I feel so dumb asking this haha.
I've got an ASUS M4A88-T ASUS M4A88T-M AM3 AMD 880G HDMI Micro ATX AMD Moth... and I don't know where the case's front i/o connectors for the "HDA" and "AC'97" go on my MB. I never knew where they went, so to fill the void where my knowledge should be, I ask you fellow TPUers 
edit: I have an Antec 300 case that these things are in if that helps.


----------



## sneekypeet (Mar 27, 2011)

this is my guess w/o the manual...


----------



## happita (Mar 27, 2011)

Which ones? HDA or AC'97?


----------



## xBruce88x (Mar 27, 2011)

^ beat me to it

the one next to it is spdif, which may be for the "hda"?

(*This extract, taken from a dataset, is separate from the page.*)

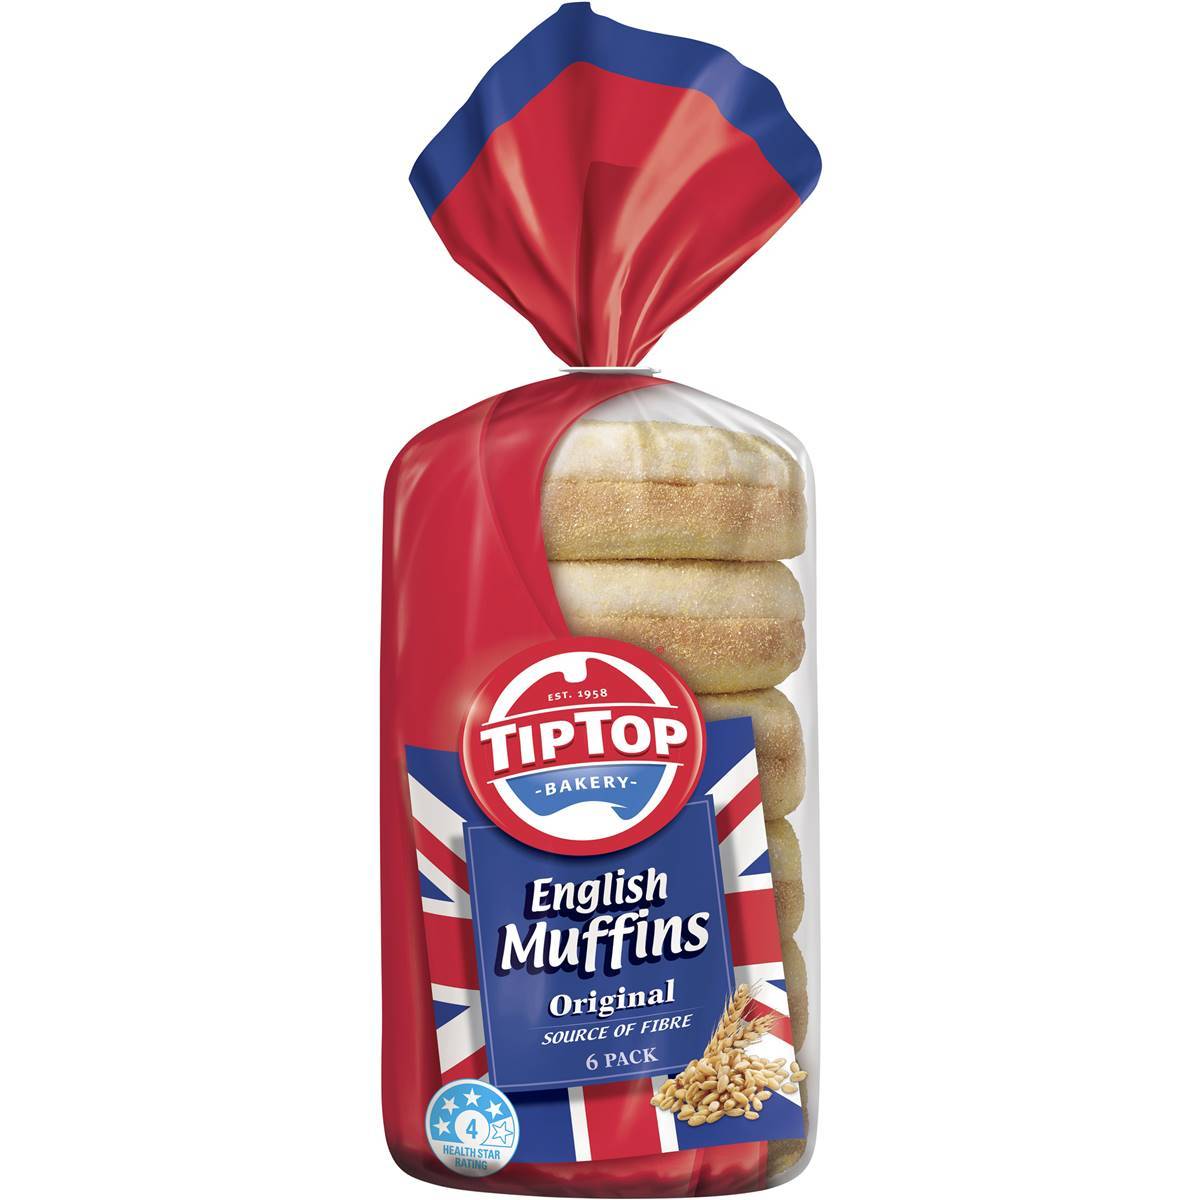 Tip Top English Muffins Original 6 Pack

if your case is worth its weight it should have a keyed plug that'll fit on it one way.

the circled one is AC'97


----------



## sneekypeet (Mar 27, 2011)

Both plugs fit that header. I always tended to use the HD plug as the AC'97 caused me issues at times.


----------



## happita (Mar 27, 2011)

xBruce88x said:


> ^ beat me to it
> 
> the one next to it is spdif, which may be for the "hda"?
> 
> ...



Yea it CAN plug into it, but there are 2 rows on each connector, with 1 pin blocked out on both HDA and AC'97. 

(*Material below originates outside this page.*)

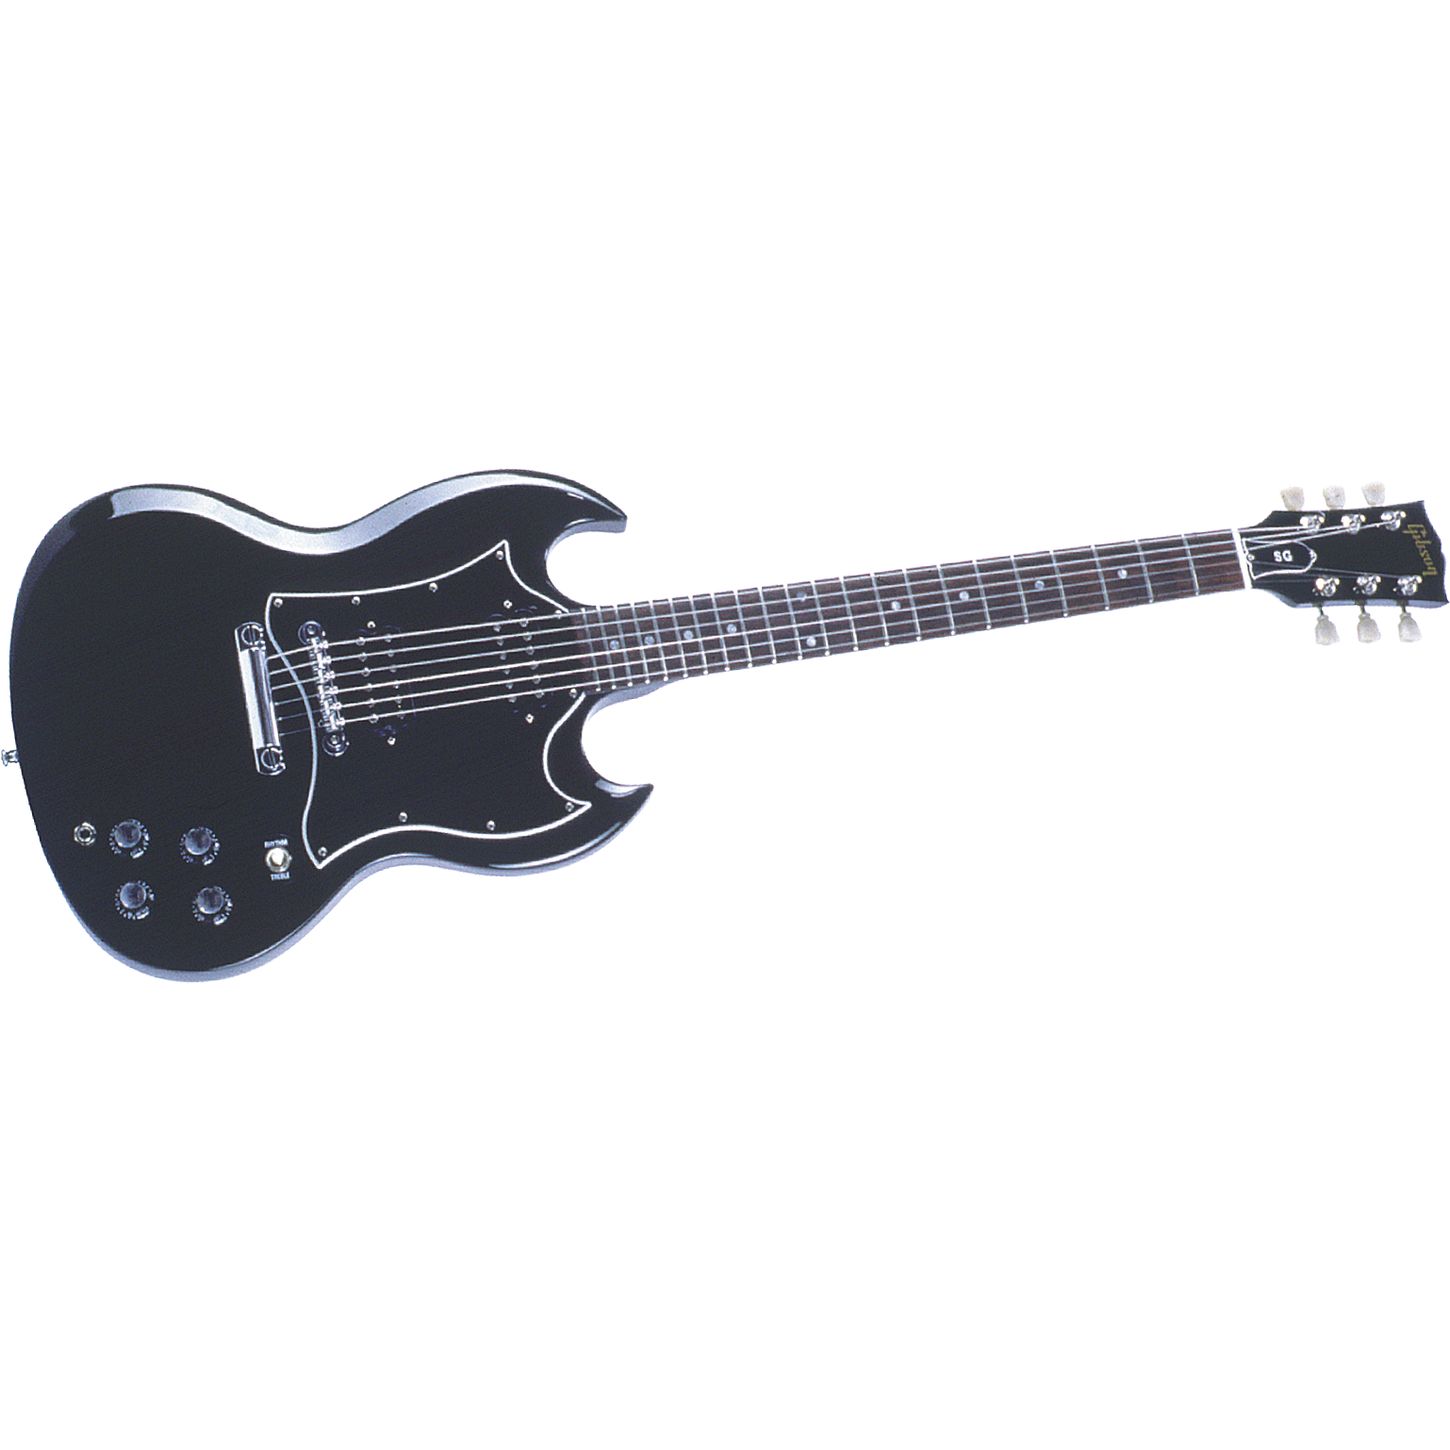 Black Gibson Sg

Reading the manual now and it says that the area that sneekypeet circled is in fact for the front panel audio connector.....which is for which 1? The HDA or AC?


----------



## 95Viper (Mar 27, 2011)

Manual here> M4A88T-M



Edit: 



sneekypeet said:


> this is my guess w/o the manual...



Pretty good guess.


----------



## xBruce88x (Mar 27, 2011)

read number 8 in the jpeg 95Viper posted.


----------



## happita (Mar 27, 2011)

Thanks you guys...HDA is for more modern sound and AC'97 is like for legacy systems. I got it figured out now


----------